### <h3>Attribute Information</h3>

- Age: age of the patient: years
- Sex: sex of the patient 
  - M: Male
  - F: Female
- ChestPainType: chest pain type 
  - TA: Typical Angina, 
  - ATA: Atypical Angina 
  - NAP: Non-Anginal Pain
  - ASY: Asymptomatic
- RestingBP: resting blood pressure: mm Hg
- Cholesterol: serum cholesterol: mm/dl
- FastingBS: fasting blood sugar 
  - 1: if FastingBS > 120 mg/dl
  - 0: otherwise
- RestingECG: resting electrocardiogram results 
  - Normal: Normal
  - ST: having ST-T wave abnormality (T wave inversions and/or ST elevation or - depression of > 0.05 mV)
  - LVH: showing probable or definite left ventricular hypertrophy by Estes' criteria
- MaxHR: maximum heart rate achieved: Numeric value between 60 and 202
- ExerciseAngina: exercise-induced angina 
  - Y: Yes
  - N: No
- Oldpeak: oldpeak ST: Numeric value measured in depression
- ST_Slope: the slope of the peak exercise ST segment 
  - Up: upsloping 
  - Flat: flat
  - Down: downsloping
- HeartDisease: output class 
  - 1: heart disease
  - 0: Normal

In [None]:
import pandas as pd
import numpy as np
from sklearn.model_selection import StratifiedKFold
from sklearn.model_selection import train_test_split, GridSearchCV
from sklearn.preprocessing import LabelEncoder, StandardScaler
from sklearn.metrics import accuracy_score
from matplotlib import pyplot as plt
import seaborn as sns

from sklearn.metrics import f1_score, recall_score, precision_score, confusion_matrix
from sklearn.metrics import r2_score, roc_auc_score, roc_curve, classification_report
from sklearn.svm import SVC
from sklearn.model_selection import cross_validate
from sklearn.model_selection import ShuffleSplit
from sklearn.model_selection import KFold

DATASET_FILE_PATH = '/kaggle/input/heart-failure-prediction/heart.csv'


In [None]:
df = pd.read_csv(DATASET_FILE_PATH)
print(df.head(10))

In [None]:
# Transform non-numerical labels to numerical labels
category_encoders = {}
string_categories = ["Sex", "ChestPainType",
                     "RestingECG", "ExerciseAngina", "ST_Slope"]

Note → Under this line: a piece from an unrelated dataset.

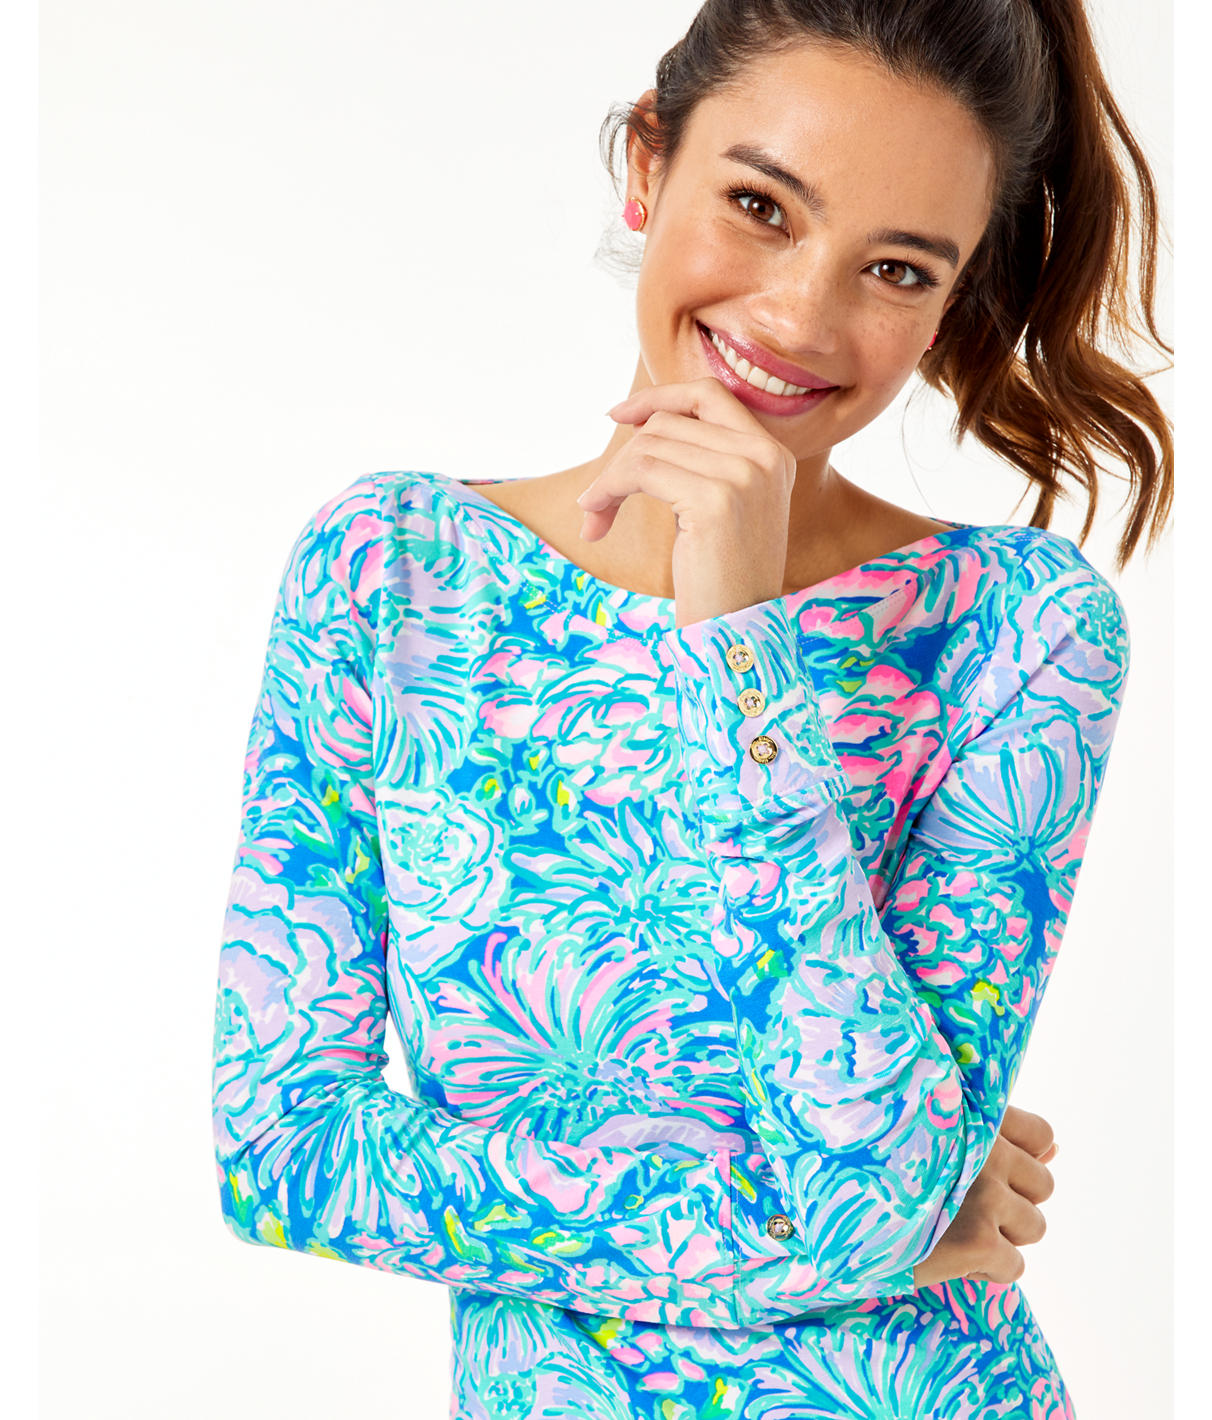 LILLY PULITZER WOMEN'S ALEAH TOP IN PINK SIZE XL, FLOCKING TO PARADISE - LILLY PULITZER IN PINK,003927
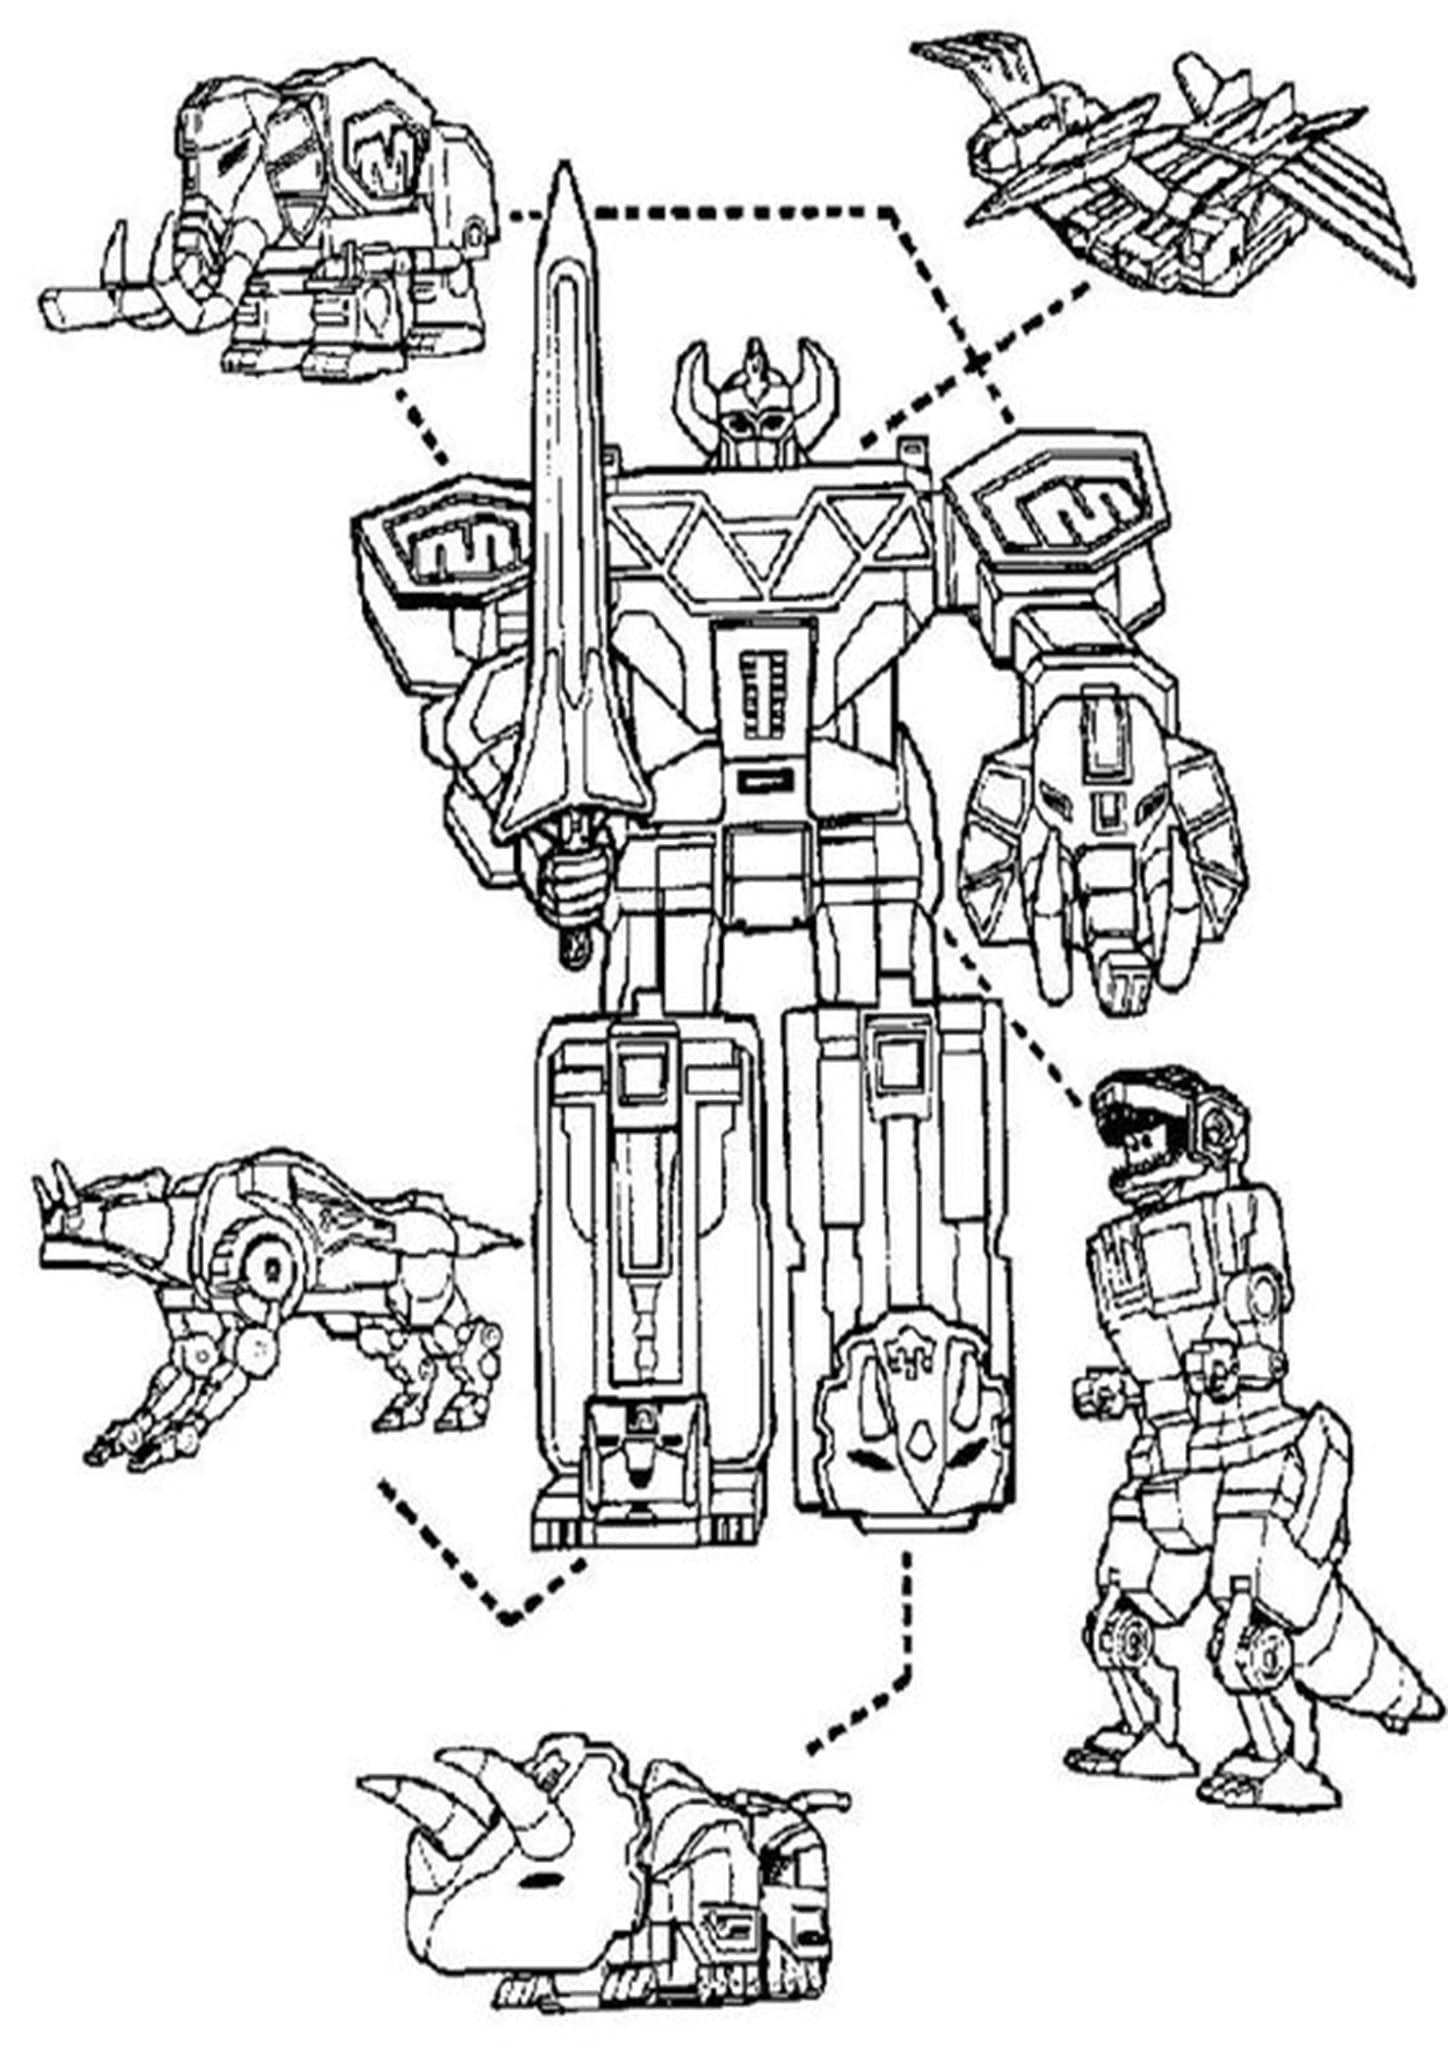 free-easy-to-print-power-rangers-coloring-pages-tulamama

for category in string_categories:
    category_encoders[category] = LabelEncoder()
    df[f"{category}_encoded"] = category_encoders[category].fit_transform(
        df[category])

# rename output (HeartDisease) column to target
df = df.rename(columns={"HeartDisease": "target"})

# Drop columns which contain non-numerical labels
df_processed = df.drop(string_categories, axis=1)
print(df_processed.head(10))


In [None]:
corr = df_processed.corr()
ax, fig = plt.subplots(figsize=(15, 15))
sns.heatmap(corr, vmin=-1, cmap=plt.cm.Blues, annot=True)
plt.show()


In [None]:
corr[abs(corr['target']) < 0.3]['target']


In [None]:
# Split dataset into X and Y
df_x = df_processed.iloc[:, df_processed.columns != 'target']
df_y = df_processed['target']

# Standardize features
scaler = StandardScaler()
df_x = scaler.fit_transform(df_x)

# Split dataset into train and test
X_train, X_test, y_train, y_test = train_test_split(df_x, df_y, test_size=0.2)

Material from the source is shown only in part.